Subsequently, on February 20, 1992 and March 27, 1992, ALJ John M. Farley conducted hearings to address the denial of benefits. (Id., ¶ 3). On June 17, 1992, ALJ Farley issued an opinion stating that Mr. Alford was not under a disability that would warrant Social Security benefits. (Id., ¶ 4). On February 9, 1993, the Social Security Appeals Council declined to review Mr. Alford’s petition. (Id.) An appeal to this Court followed.

Freddie Alford

Freddie Alford is over 50 years old. (Id., ¶ 8). He was born in South Carolina and completed eleven grades of high school. At present, the plaintiff is single and has no children. (Id., ¶¶ 8-10).

Mr. Alford is a truck driver, although his truck driving license was suspended at the time of this petition because of traffic violations. (Id. ¶ 11). In the course of making his deliveries, the plaintiff states that he loaded and unloaded his truck by hand and/or with a loader. (Id. ¶ 12). The plaintiff asserts that, as a result of his back injury, he has not been able to work since 1988 or 1989. (Id., ¶ 14). Prior to being a truck driver, Mr. Alford worked as a welder. (Id., ¶ 15).

At his hearing before ALJ Farley, the plaintiff testified that he has constant pain in his lower back. (Id., ¶ 19).
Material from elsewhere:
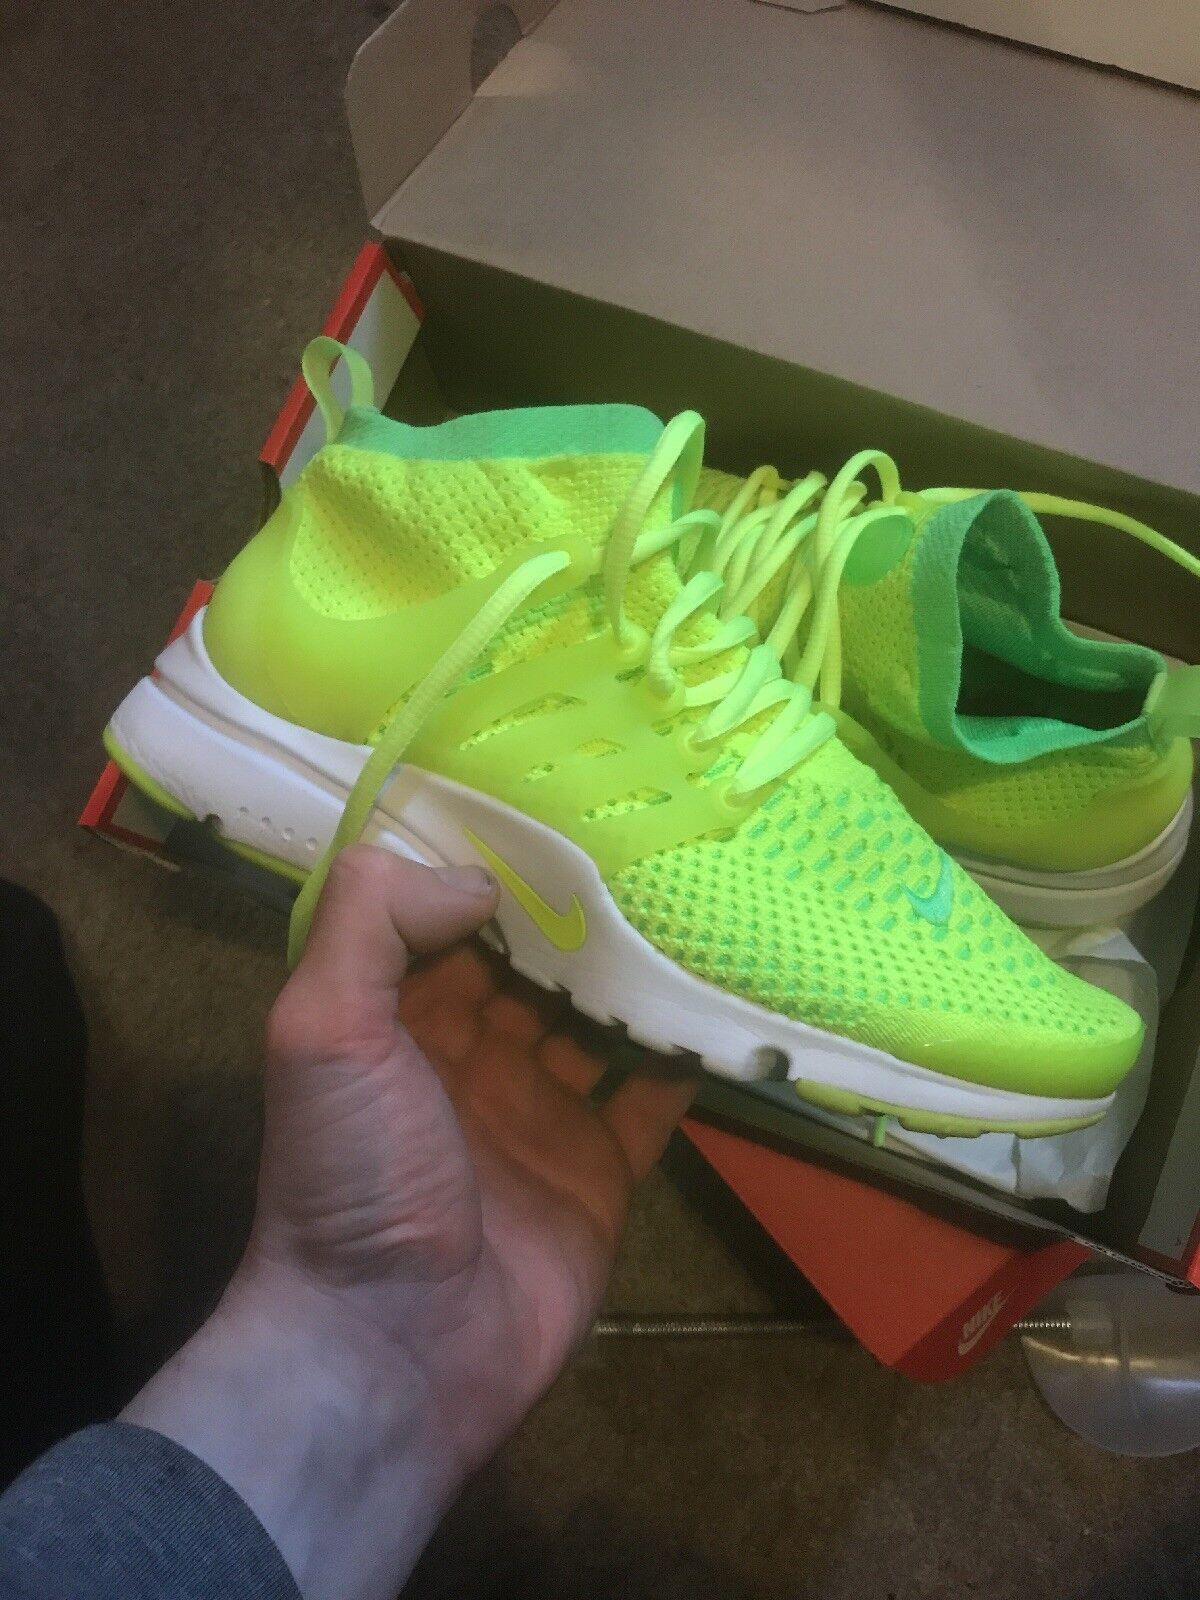 Nike Nike Nike Air Presto Flyknit Ultra Para Mujer Reino Unido 6 V Verde 684753
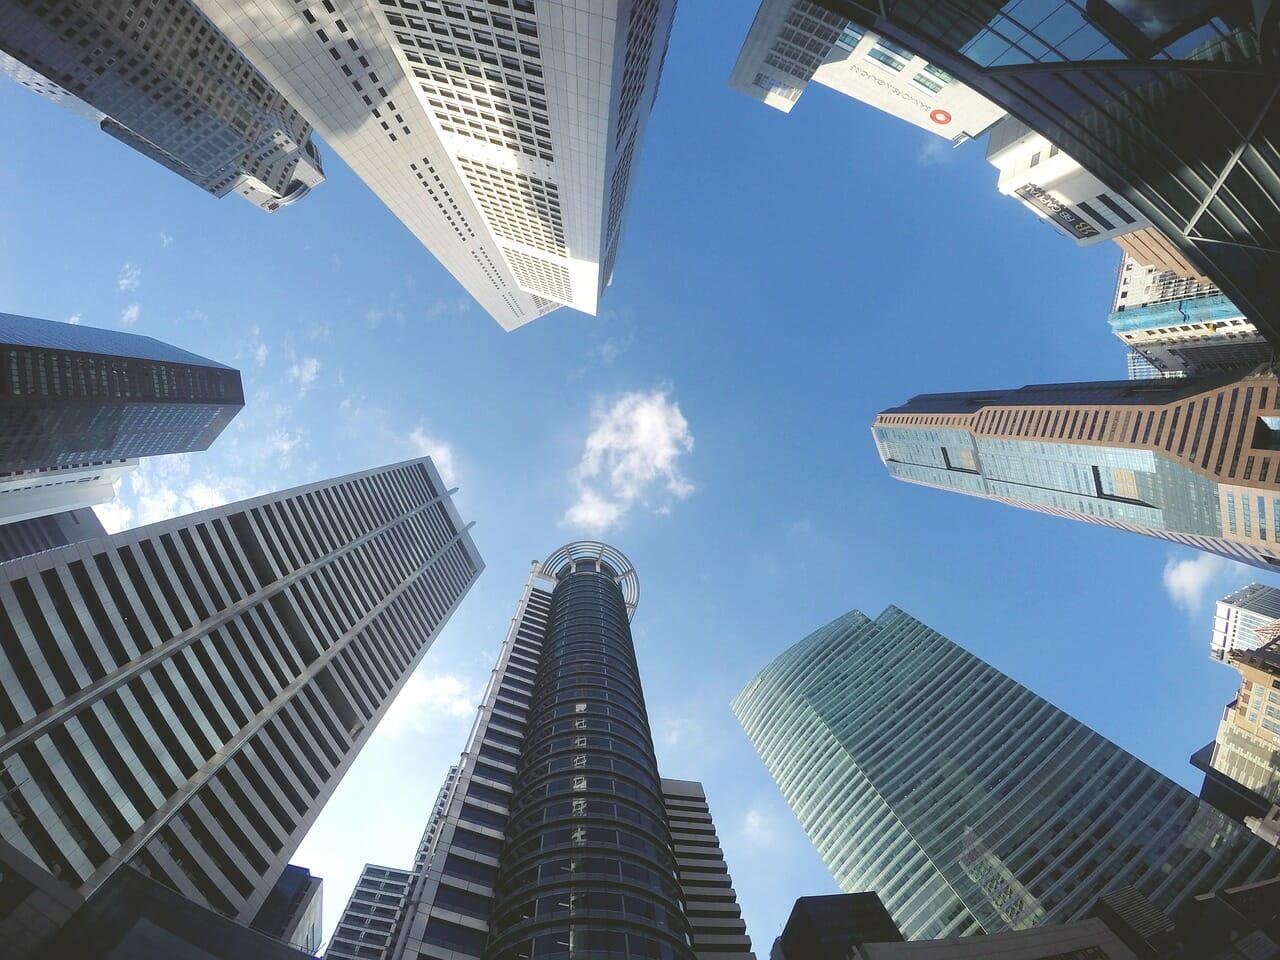 List of Real Estate Employment Agencies for Job Seekers - JobStars

Because of the injury, he claims that he cannot stand for an extended period of time and suffers from occasional pain up his back and down his leg. (Id.). The plaintiff further testified that the pain is exasperated when he attempts to lift objects and that his doctor had instructed him not to lift any object that weighed over 20 pounds. (Id.).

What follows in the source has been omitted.